The loop uses enumerate(nums) so that both the current index and current value are available during iteration.
For every value:
- The code first checks whether the value already exists in the dictionary.
- If it does, the previous index is retrieved.
- The difference between the current index and previous index is computed.
- If that difference is less than or equal to
k, the function immediately returnsTrue.
After the check, the dictionary is updated with the current index. This ensures the dictionary always contains the most recent occurrence of each number.
If the loop finishes without returning True, then no valid nearby duplicate exists, so the function returns False.
Go Solution
func containsNearbyDuplicate(nums []int, k int) bool {
lastSeen := make(map[int]int)
for index, value := range nums {
if previousIndex, exists := lastSeen[value]; exists {
if index-previousIndex <= k {
return true
}
}
lastSeen[value] = index
}
return false
}
The Go implementation follows the same logic as the Python version.
A map[int]int is used to store the most recent index for each value. Go maps return two values during lookup:
value, exists := map[key]
The exists boolean allows us to determine whether the key was already present.

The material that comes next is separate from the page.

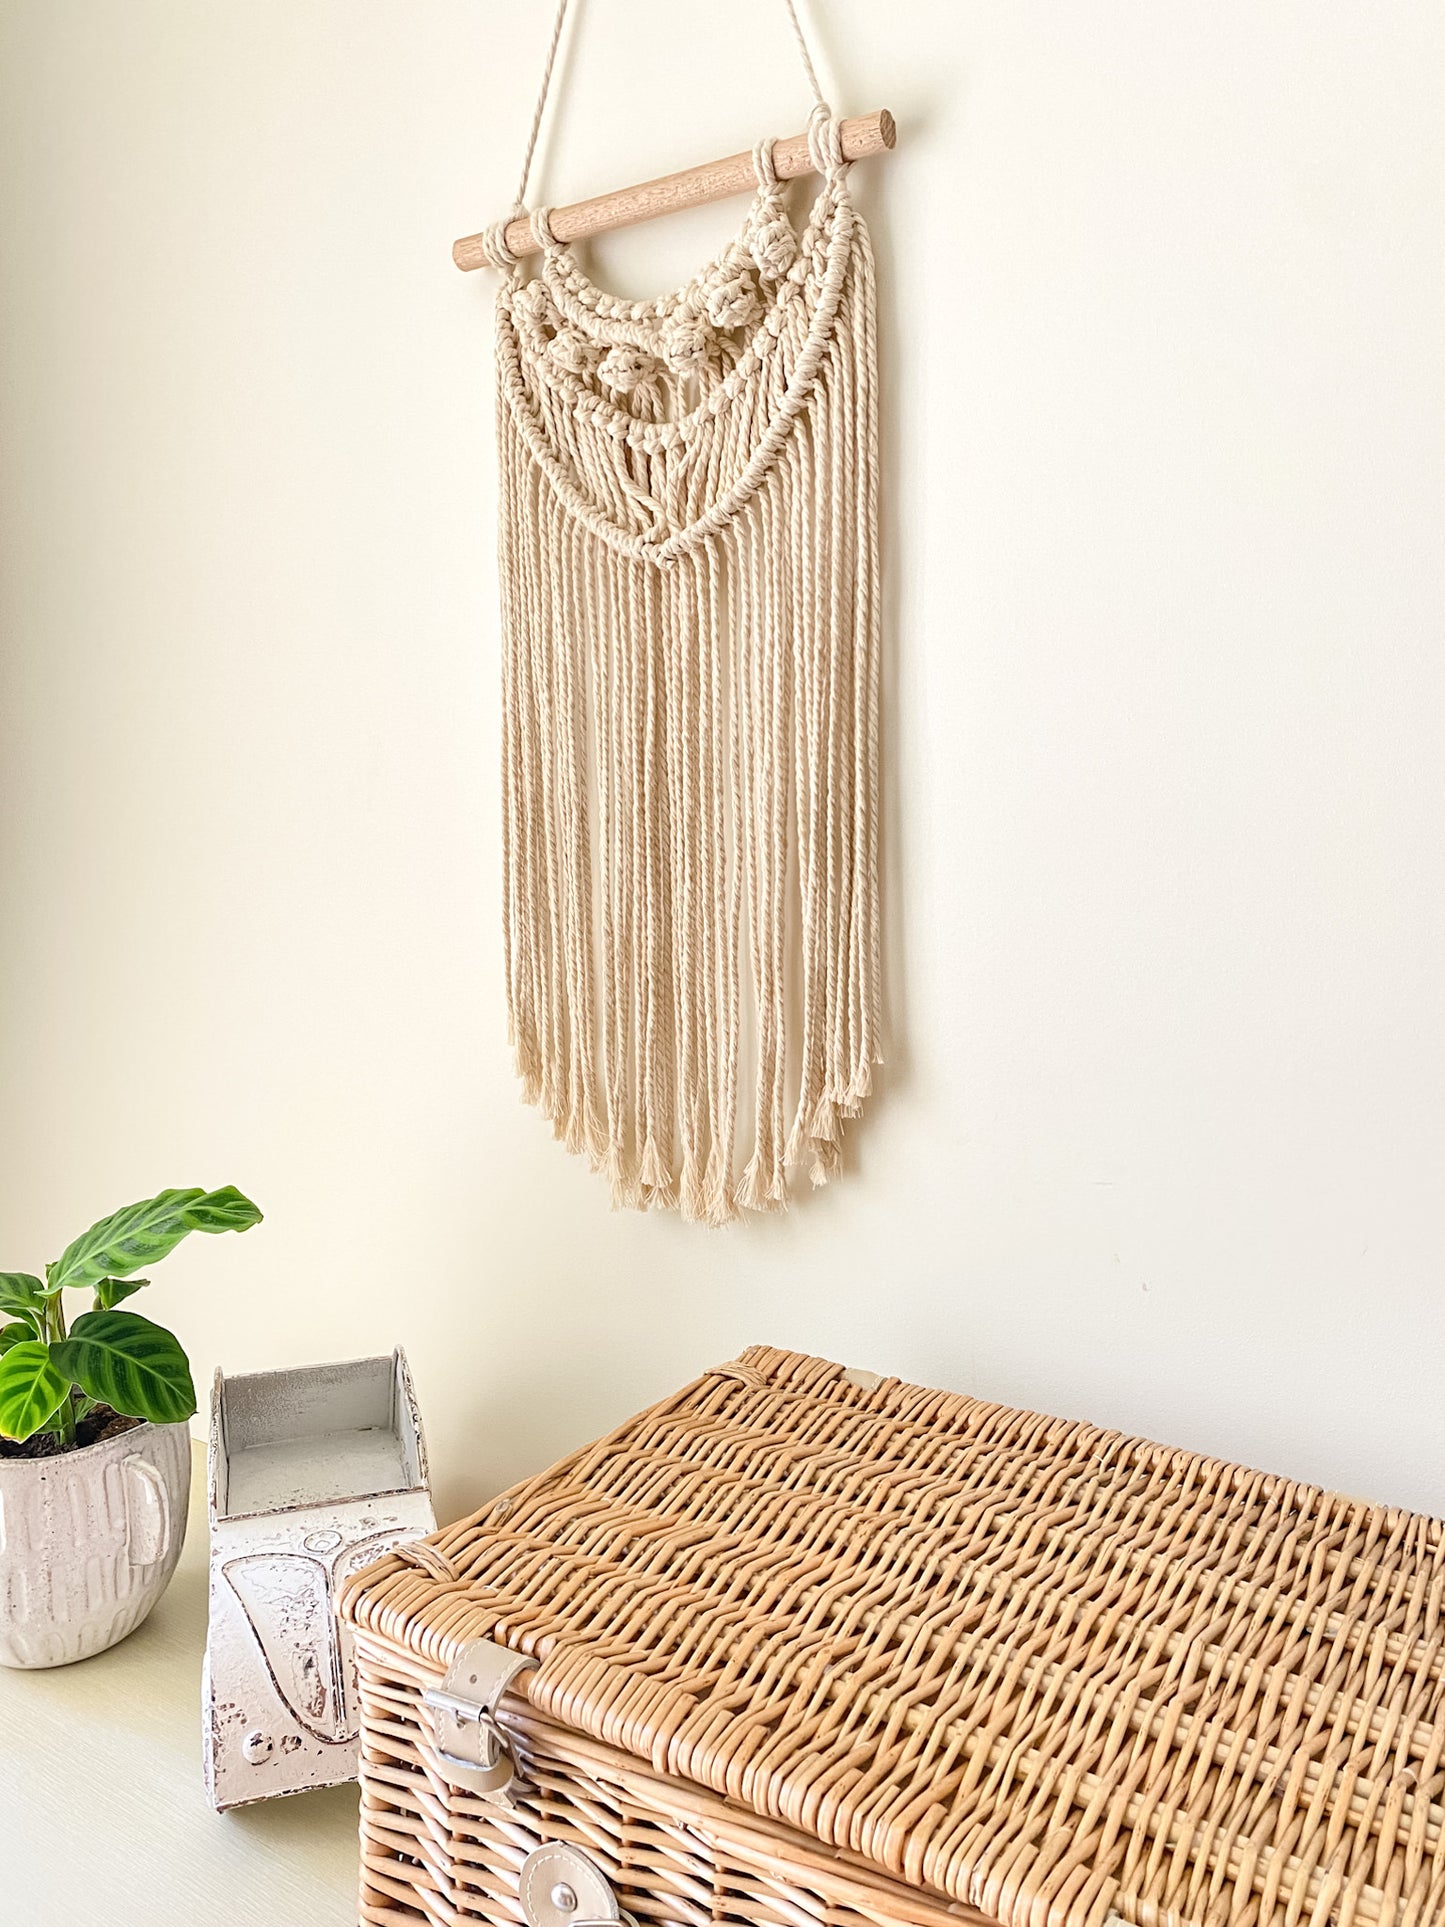 Side view of a natural off white macrame tassels hanging hanged on the wall above a table styled with an indoor plant white coastal themed toy car, rattan picnic basket.
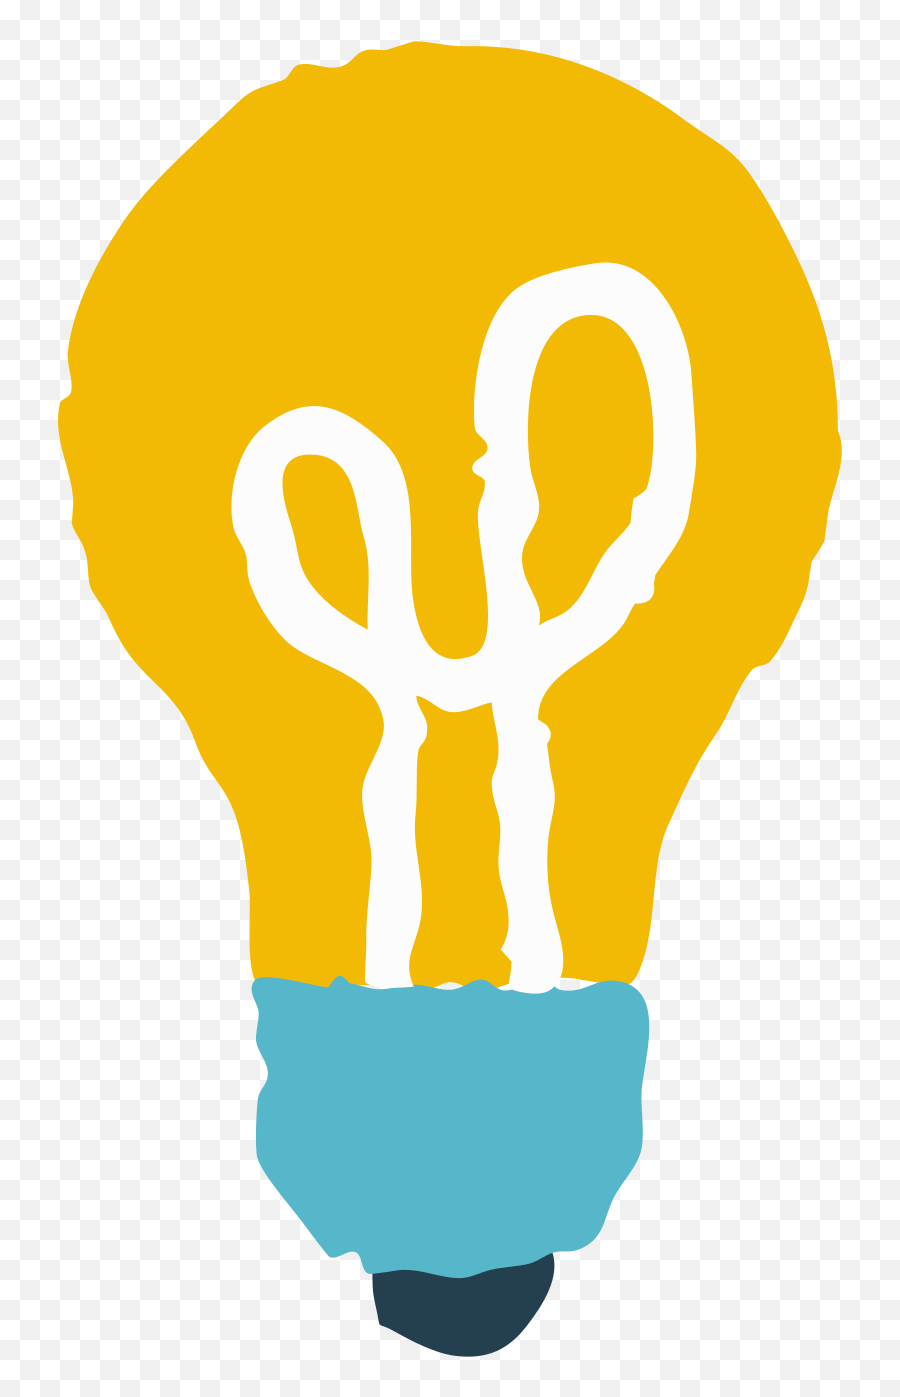 Style Light Bulb Vector Images In Png And Svg Icons8 - Compact Fluorescent Lamp,Yellow Light Icon

There are no integer overflow concerns because the index differences are well within Go's integer range given the problem constraints.
Go slices are dynamically sized views over arrays, so iterating through nums with range is efficient and idiomatic.
Worked Examples
Example 1
nums = [1,2,3,1], k = 3
| Index | Value | last_seen Before | Action | Result |
|---|---|---|---|---|
| 0 | 1 | {} | Store 1 → 0 | Continue |
| 1 | 2 | {1:0} | Store 2 → 1 | Continue |
| 2 | 3 | {1:0, 2:1} | Store 3 → 2 | Continue |
| 3 | 1 | {1:0, 2:1, 3:2} | Distance = 3 - 0 = 3 | Return true |
The duplicate 1 appears within distance 3, so the answer is true.
Example 2
nums = [1,0,1,1], k = 1
| Index | Value | last_seen Before | Action | Result |
|---|---|---|---|---|
| 0 | 1 | {} | Store 1 → 0 | Continue |
| 1 | 0 | {1:0} | Store 0 → 1 | Continue |
| 2 | 1 | {1:0, 0:1} | Distance = 2 - 0 = 2 | Continue |
| 3 | 1 | {1:2, 0:1} | Distance = 3 - 2 = 1 | Return true |
The algorithm updates the stored index for 1 from 0 to 2. This is important because the most recent occurrence provides the smallest distance.
Example 3
nums = [1,2,3,1,2,3], k = 2
| Index | Value | Previous Index | Distance | Valid? |
|---|---|---|---|---|
| 0 | 1 | None | - | No |
| 1 | 2 | None | - | No |
| 2 | 3 | None | - | No |
| 3 | 1 | 0 | 3 | No |
| 4 | 2 | 1 | 3 | No |
| 5 | 3 | 2 | 3 | No |
Every duplicate is farther than k, so the final answer is false.
Complexity Analysis
| Measure | Complexity | Explanation |
|---|---|---|
| Time | O(n) | Each element is processed once with constant-time hash map operations |
| Space | O(n) | The hash map may store up to all unique elements |
The algorithm performs a single pass through the array. Every lookup and insertion into the hash map is approximately O(1) on average, so the total running time grows linearly with the size of the array.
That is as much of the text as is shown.